Exercise data
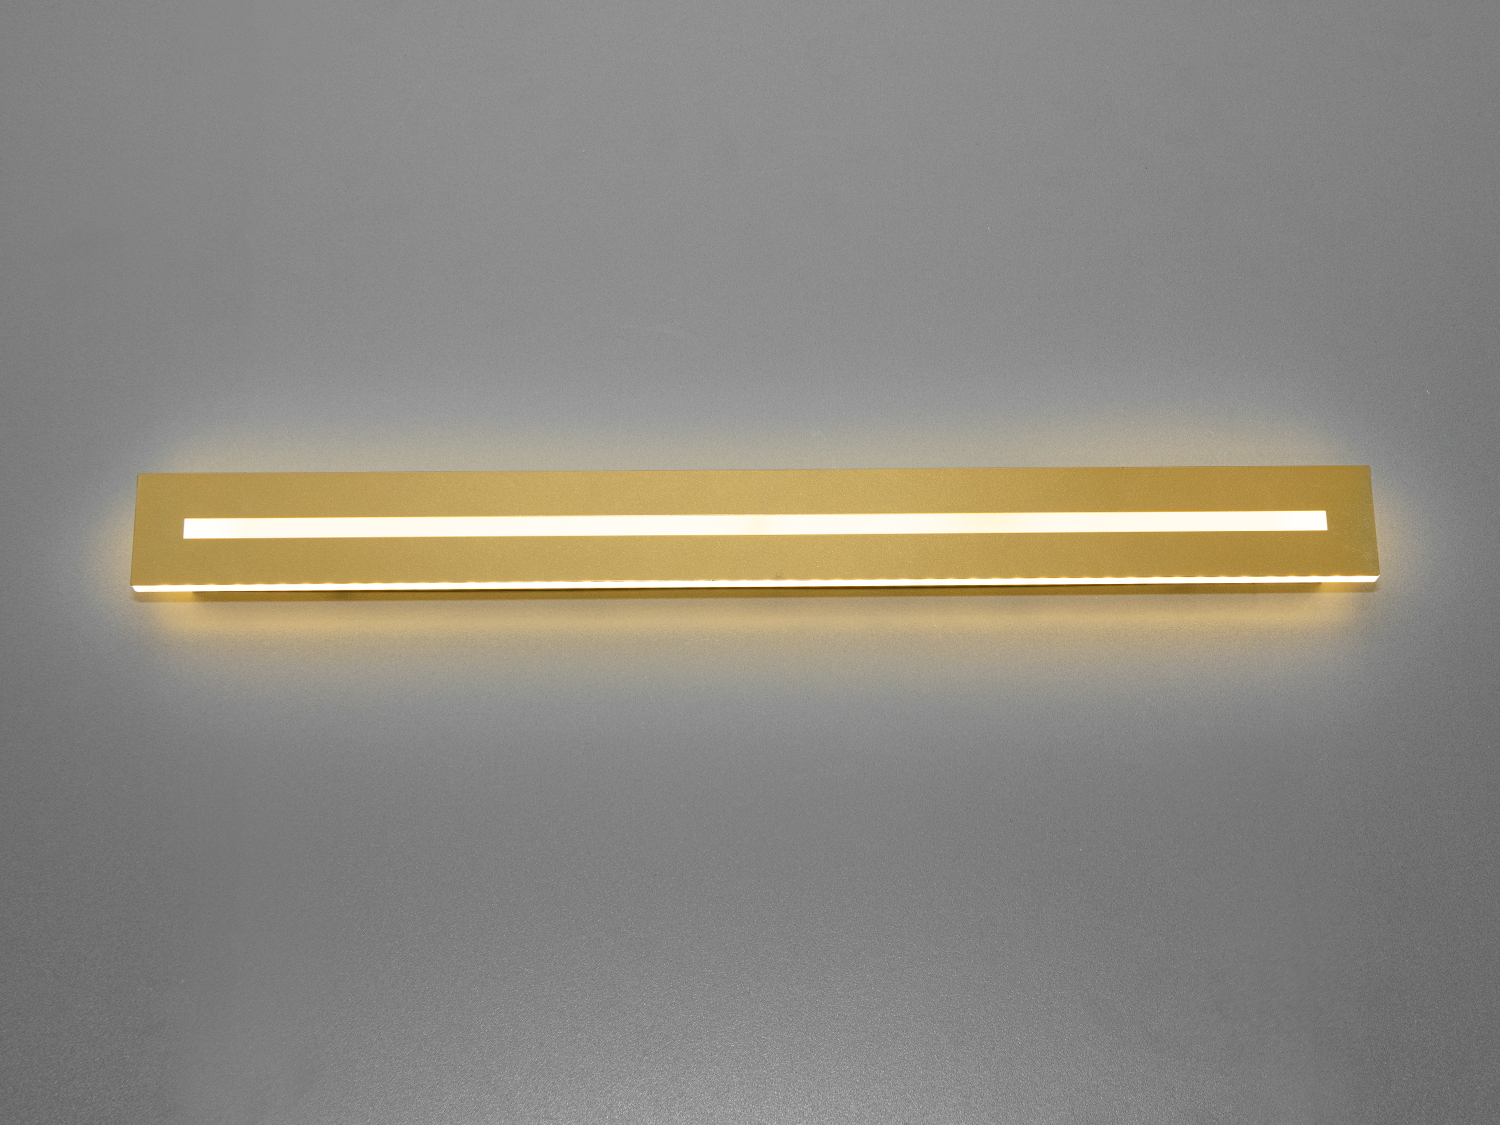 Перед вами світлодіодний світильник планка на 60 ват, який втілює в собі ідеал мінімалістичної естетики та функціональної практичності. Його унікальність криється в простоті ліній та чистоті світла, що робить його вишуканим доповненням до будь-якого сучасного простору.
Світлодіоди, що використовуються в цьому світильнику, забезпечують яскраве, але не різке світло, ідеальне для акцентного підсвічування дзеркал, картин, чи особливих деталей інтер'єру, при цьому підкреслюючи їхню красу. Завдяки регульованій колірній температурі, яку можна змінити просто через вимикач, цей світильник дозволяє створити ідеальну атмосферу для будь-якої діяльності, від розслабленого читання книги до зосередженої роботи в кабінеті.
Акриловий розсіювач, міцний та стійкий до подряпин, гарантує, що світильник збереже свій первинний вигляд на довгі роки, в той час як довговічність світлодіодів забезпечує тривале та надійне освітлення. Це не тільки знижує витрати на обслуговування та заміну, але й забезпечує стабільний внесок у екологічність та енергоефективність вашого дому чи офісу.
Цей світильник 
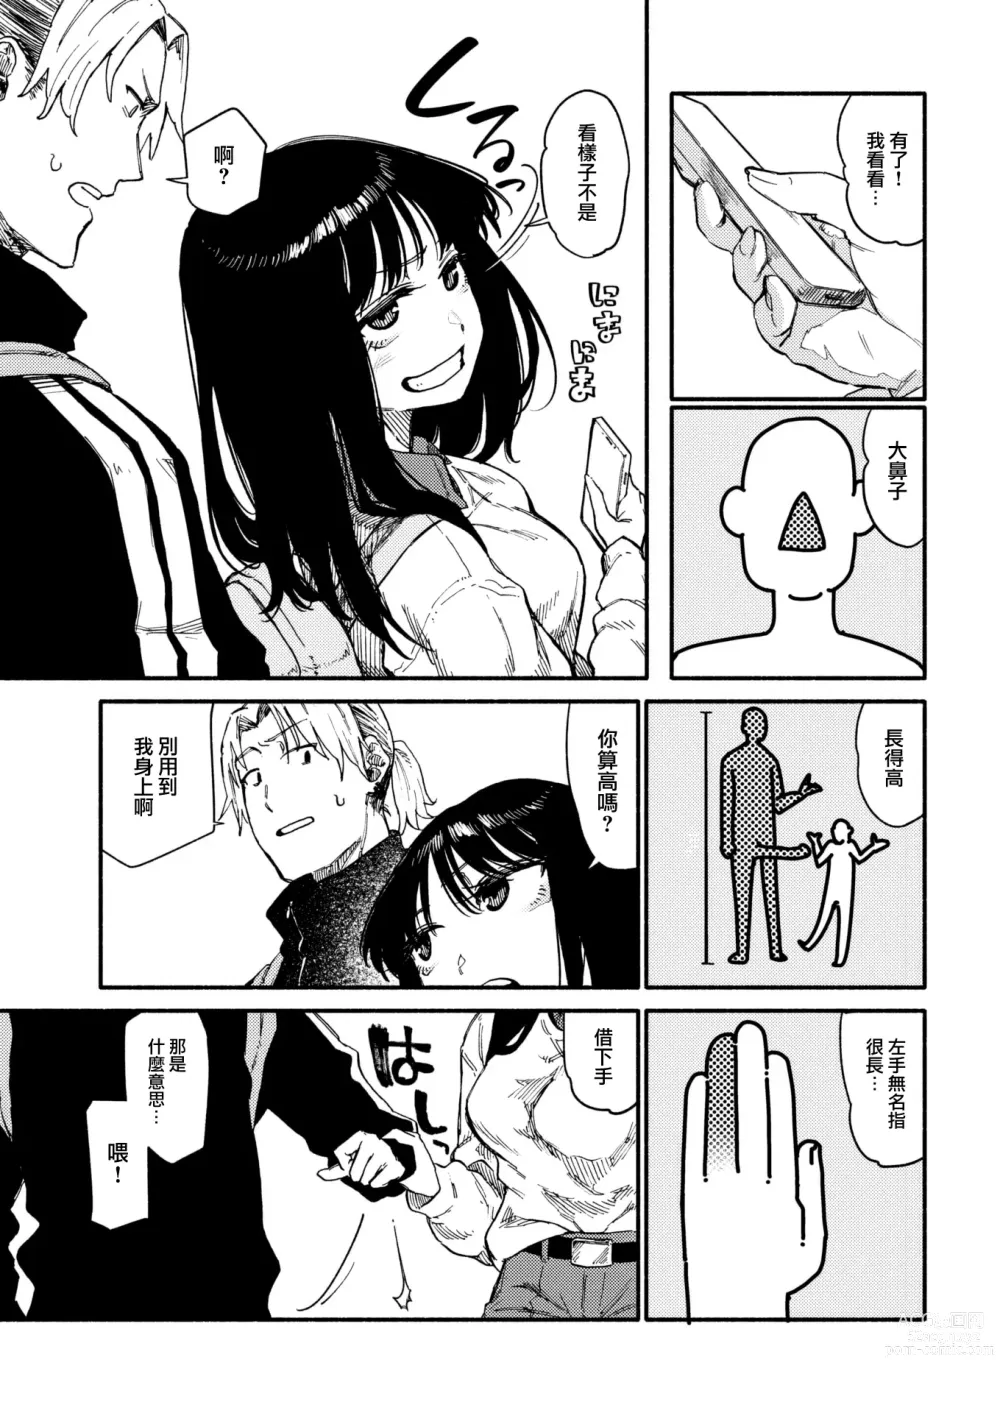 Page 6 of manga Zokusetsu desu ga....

Action item
Could you give the material above again, exactly and without its pictures?

Result
 Перед вами світлодіодний світильник планка на 60 ват, який втілює в собі ідеал мінімалістичної естетики та функціональної практичності. Його унікальність криється в простоті ліній та чистоті світла, що робить його вишуканим доповненням до будь-якого сучасного простору.
Світлодіоди, що використовуються в цьому світильнику, забезпечують яскраве, але не різке світло, ідеальне для акцентного підсвічування дзеркал, картин, чи особливих деталей інтер'єру, при цьому підкреслюючи їхню красу. Завдяки регульованій колірній температурі, яку можна змінити просто через вимикач, цей світильник дозволяє створити ідеальну атмосферу для будь-якої діяльності, від розслабленого читання книги до зосередженої роботи в кабінеті.
Акриловий розсіювач, міцний та стійкий до подряпин, гарантує, що світильник збереже свій первинний вигляд на довгі роки, в той час як довговічність світлодіодів забезпечує тривале та надійне освітлення. Це не тільки знижує витрати на обслуговування та заміну, але й забезпечує стабільний внесок у екологічність та енергоефективність вашого дому чи офісу.
Цей світильник 
 Page 6 of manga Zokusetsu desu ga....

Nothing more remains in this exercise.